Entrevista

'A criança do movimento tira o adulto da zona de conforto', afirma psicóloga infantil

Doutora em educação, Cecília Antipoff fala sobre banalização nos diagnósticos de transtornos

Pedro Melo
pmelo@hojeemdia.com.br
03/06/2024 às 07:30.
Atualizado em 03/06/2024 às 08:03

"Quem tem uma criança do movimento em casa não tem dúvida, sabe?", afirma Cecília Antipoff (Maurício Vieira)

"Quem tem uma criança do movimento em casa não tem dúvida, sabe?", afirma Cecília Antipoff (Maurício Vieira)

Algumas crianças não param quietas simplesmente porque não conseguem ficar paradas. E esse universo infantil pode ser incompreendido pelos adultos, que não raro suspeitam de transtornos – como do Déficit de Atenção, o TDAH. Mas se acalmem, pais! Seus filhos podem apenas estar precisando de liberar energia, explica a doutora em educação, escritora e psicóloga infantil e familiar Cecília Antipoff, autora do livro “Criança do Movimento – Por menos diagnóstico e medicamento”. Nesta entrevista, a especialista esclarece que essas crianças não precisam ser diagnosticadas nem medicadas. É só compreender as necessidades delas, com adaptações na rotina.

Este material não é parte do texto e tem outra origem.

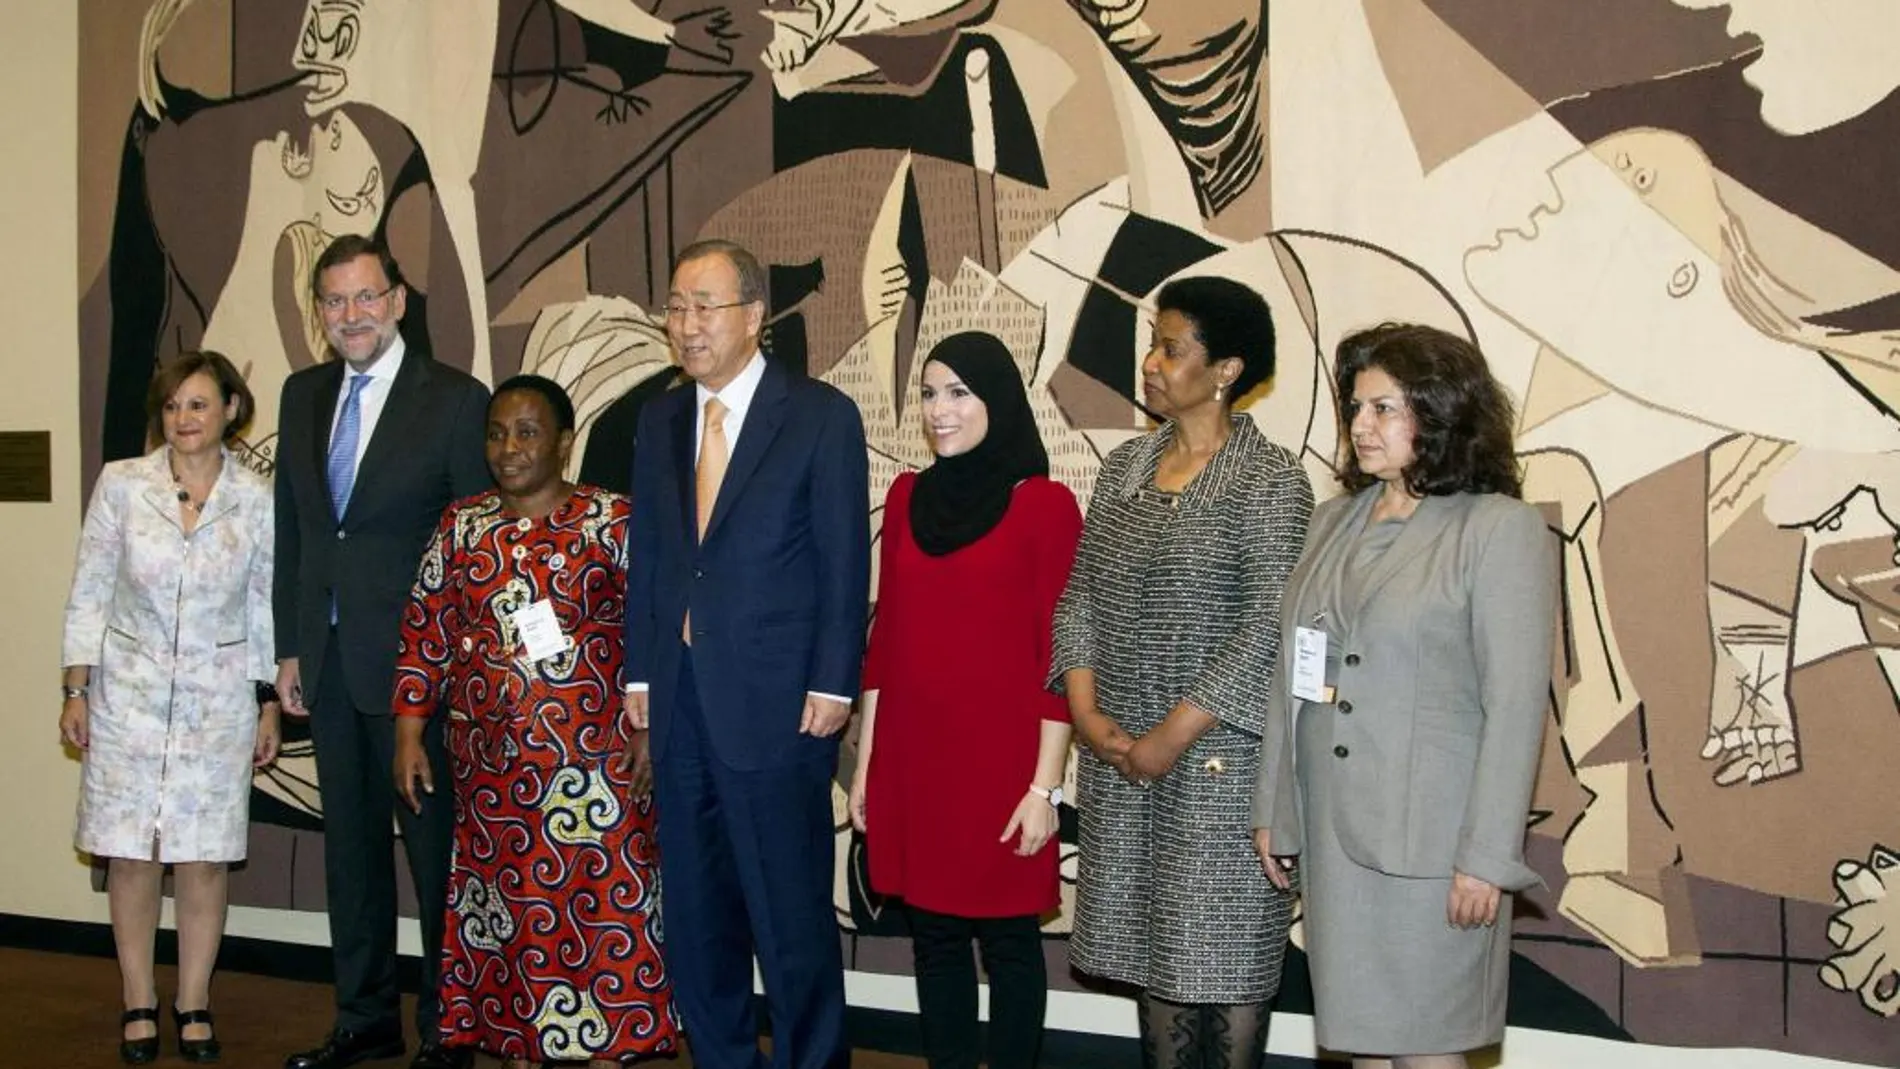 El presidente del Gobierno, Mariano Rajoy (2i), junto al secretario general de la ONU, Ban Ki-moon, posan con miembros de organizaciones de Mujeres, antes de asistir a la sesión del Consejo de Seguridad de Naciones Unidas

O que é uma criança do movimento?
Vou dar um exemplo para ficar mais palpável. Eu recebi uma criança no consultório com 3 anos. A queixa era que ela estava muito agitada na escola, evitando contato, se incomodando com o barulho, evitando se socializar. Se olhar para isso com olhar raso, a gente fecha um diagnóstico apressado. Qual é o convite? É escutar a família, o contexto da criança. Essa criança ficou dois anos e meio dentro de um apartamento. A família muito reclusa por conta da pandemia, preocupada com várias questões. Ela ficava o dia inteiro nas telas, o pai e a mãe trabalhando em home office. E ao entrar na escola, ela vai estranhar o contato com as outras crianças, o barulho, a mudança de rotina. Então, qual foi o trabalho com essa criança? Primeiro, ajustar as expectativas da família, mostrar que ela precisava de tempo para se adaptar a esse novo contexto. Não é porque ela tem transtorno, é porque ela é uma criança que tem uma necessidade de movimentação, mais intensa, e isso é uma das linhas de frente do meu trabalho, ajudar os adultos a entender as crianças que eu venho a chamar de crianças do movimento.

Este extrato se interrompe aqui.